Trumpeting investments in education and workforce development, the Governor focused on diversifying Virginia’s economy. Late in his remarks, he made the connection between renewable energy and economic development:

“Zero carbon sources of energy like solar, wind, and nuclear not only help create new jobs, but also reduce emissions as we work to reduce the impacts of climate change…”

Virginia is on the front lines of those climate change impacts. Norfolk, Virginia’s second largest city, is home to more than 250,000 people and the world’s largest naval base. In the Hampton Roads area, sea level has risen by more than a foot over the last 80 years, thanks to climate change and land subsidence. Surrounded on three sides by the ocean, the city is no stranger to flooding events. Our recent analysis found that the city could experience almost 40 tidal flooding events a year (4 times today’s frequency) by 2030.

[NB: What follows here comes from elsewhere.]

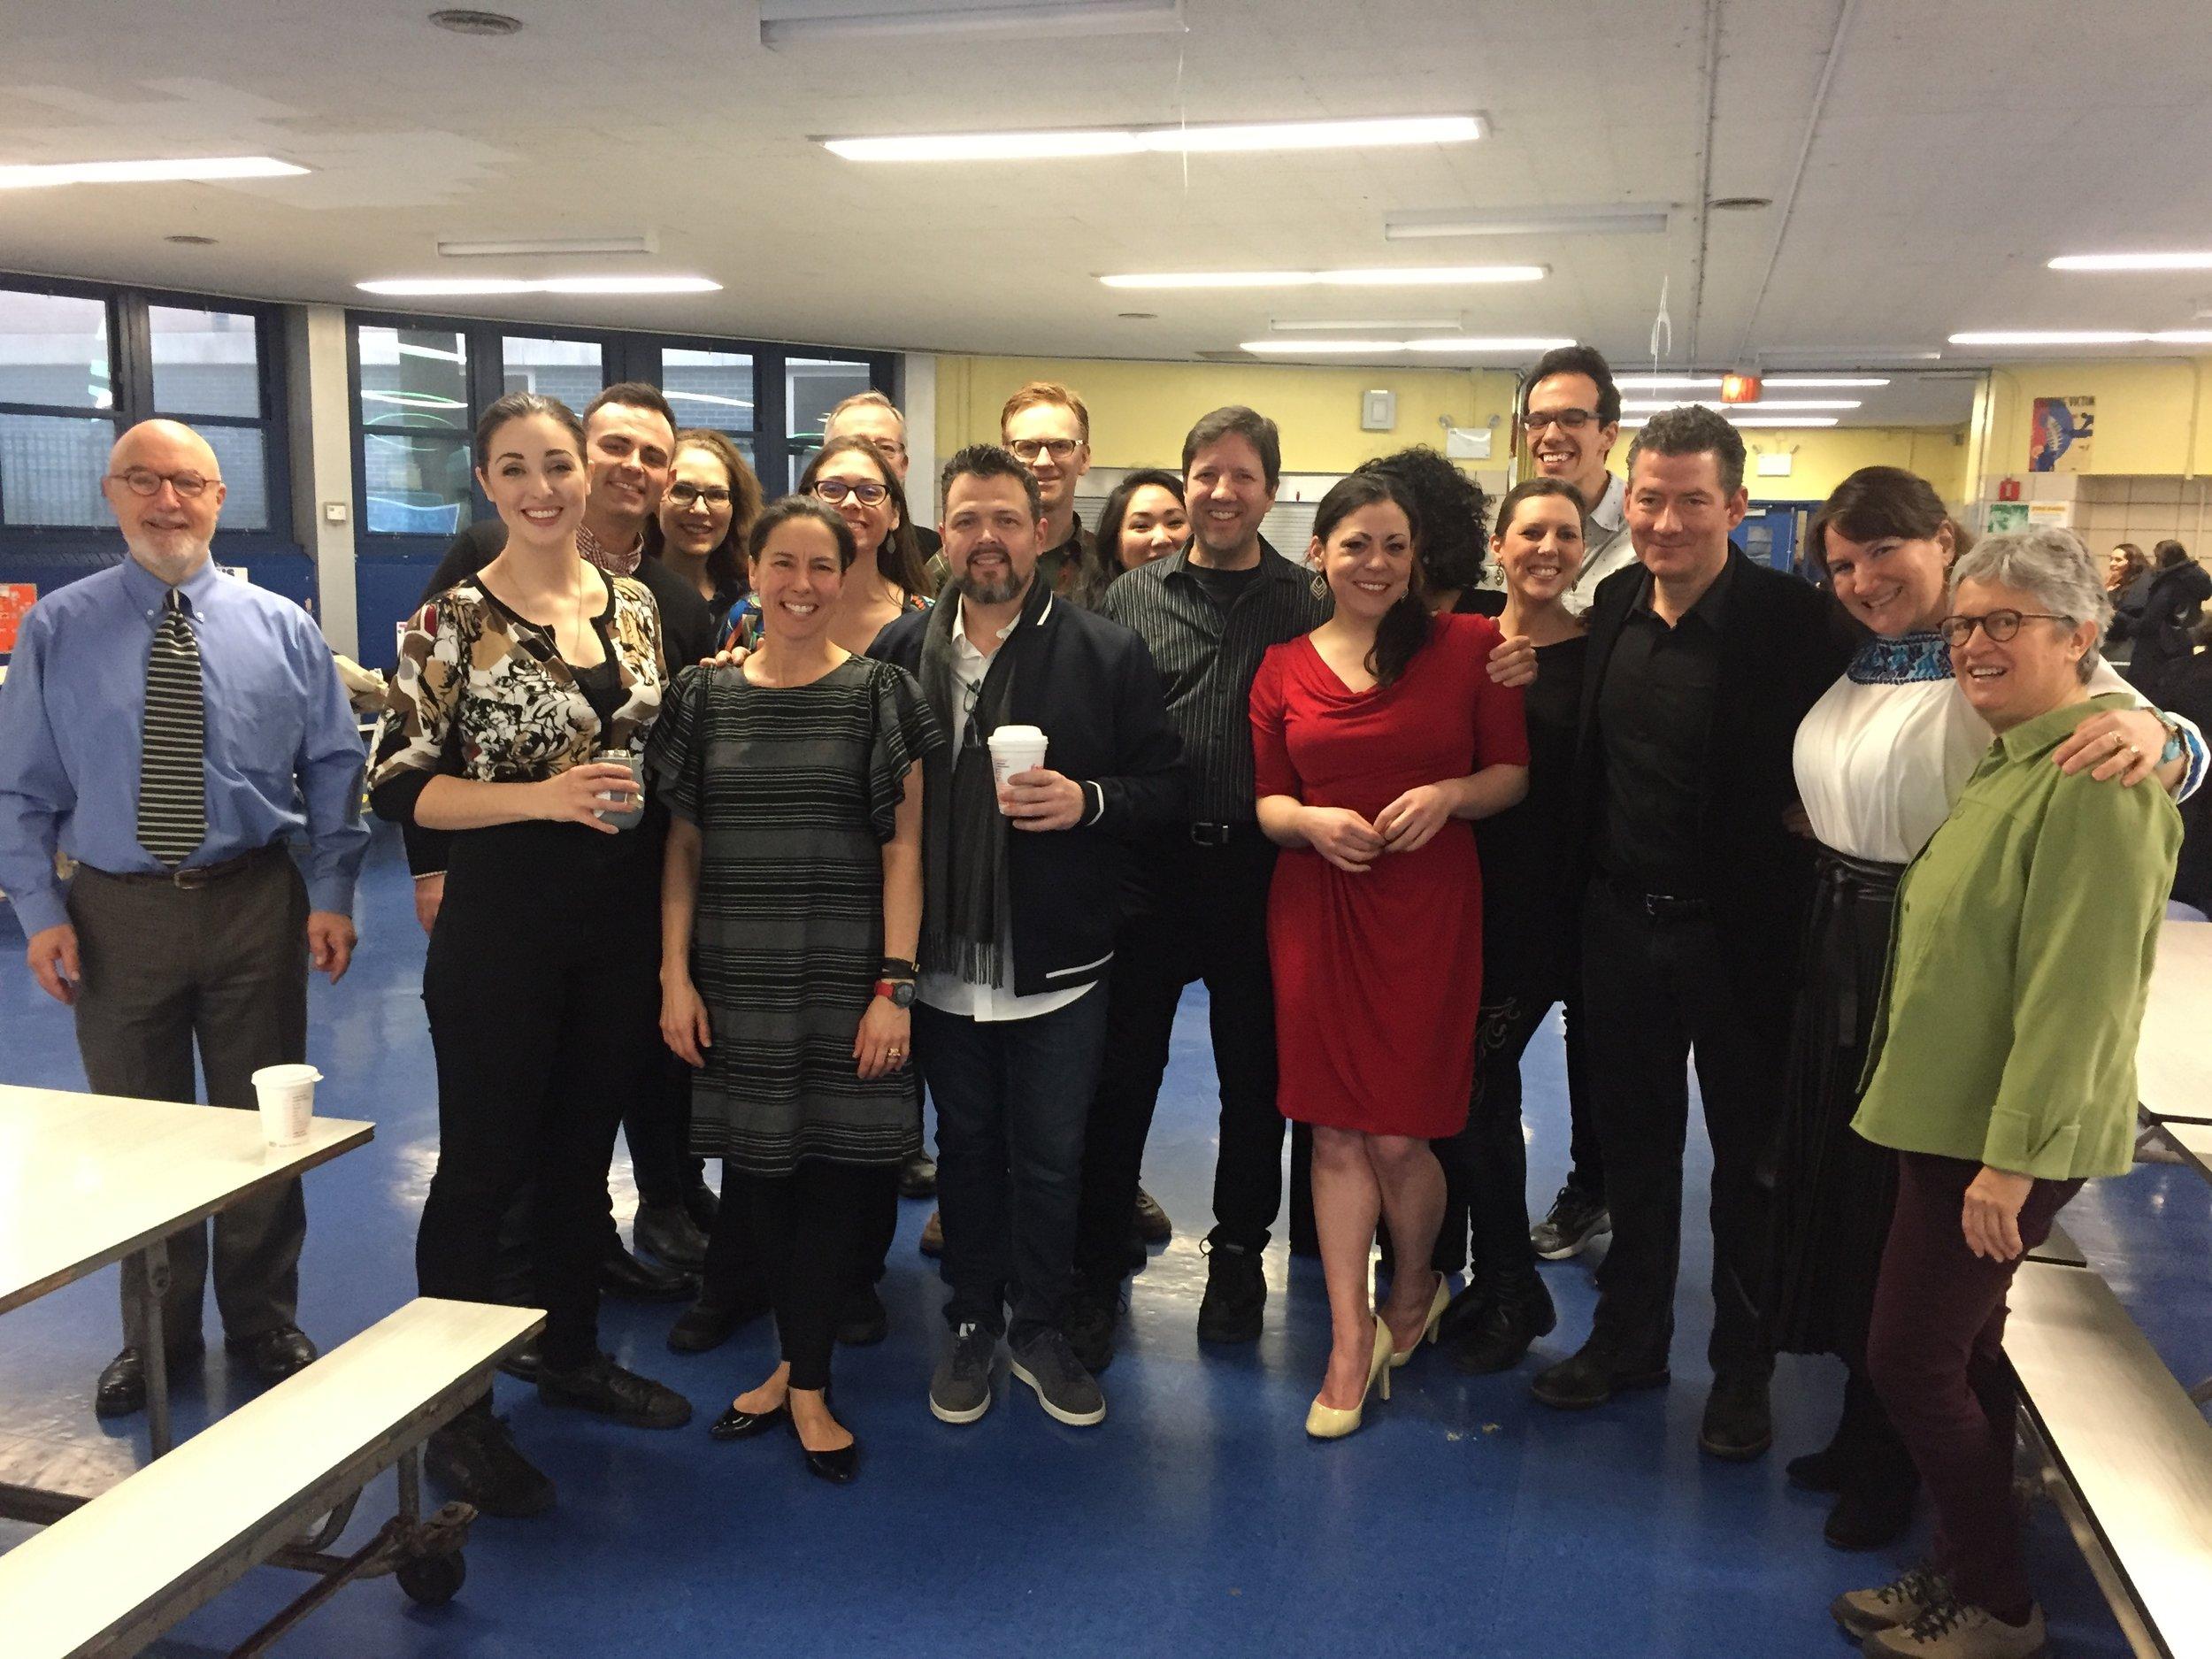 Members of the Met Opera Chorus with teachers from Castle Bridge Elementary School.

Coastal flooding from a storm tide on the York River near the campus of the Virginia Institute of Marine Science in Gloucester Point, Virginia. Photo by Patrick Lynch.

Coastal flooding from a storm tide on the York River near the campus of the Virginia Institute of Marine Science in Gloucester Point, Virginia. Photo by Patrick Lynch.

Residents living on Virginia’s coasts are well aware of the impacts of sea level rise on their communities. Last month, Del. Ron Villanueva (R-Virginia Beach) introduced the Virginia Coastal Protection Act of 2015 that would direct resources to coastal communities for climate preparedness and adaptation, invest in renewables and energy efficiency, and stimulate economic development in coal-heavy southwest Virginia. The revenue would come from a plan for the Commonwealth to join the Regional Greenhouse Gas Initiative—a multi-state cap and trade program that limits carbon emissions.

Carbon standards as an opportunity

The Governor’s Energy Plan, released in October, touts an “all of the above” approach and emphasizes support for renewable energy and strengthening energy efficiency goals. Gov. McAuliffe has been supportive of the EPA’s proposal to reduce CO2 emissions from existing power plants, while simultaneously arguing for weaker targets for the Commonwealth. In contrast to a flawed analysis of the costs of the proposal, Virginia is already well positioned to meet the target proposed by the EPA, and UCS analysis suggests that the EPA underestimated the potential for renewable energy.

Fortunately, the EPA explicitly confirmed that regional collaborations designed to reduce CO2 emissions—like RGGI—would count toward compliance with the proposed standard. If Virginia ultimately decides to become part of RGGI, the Commonwealth could simultaneously reduce its contribution to climate change and also shore up its defenses against the impacts.

Moving forward

The Governor is right to emphasize the potential for developing renewable energy technologies as an affordable and effective way to both diversify the state’s economy and reduce harmful global warming emissions. We look forward to helping Virginia Power Ahead.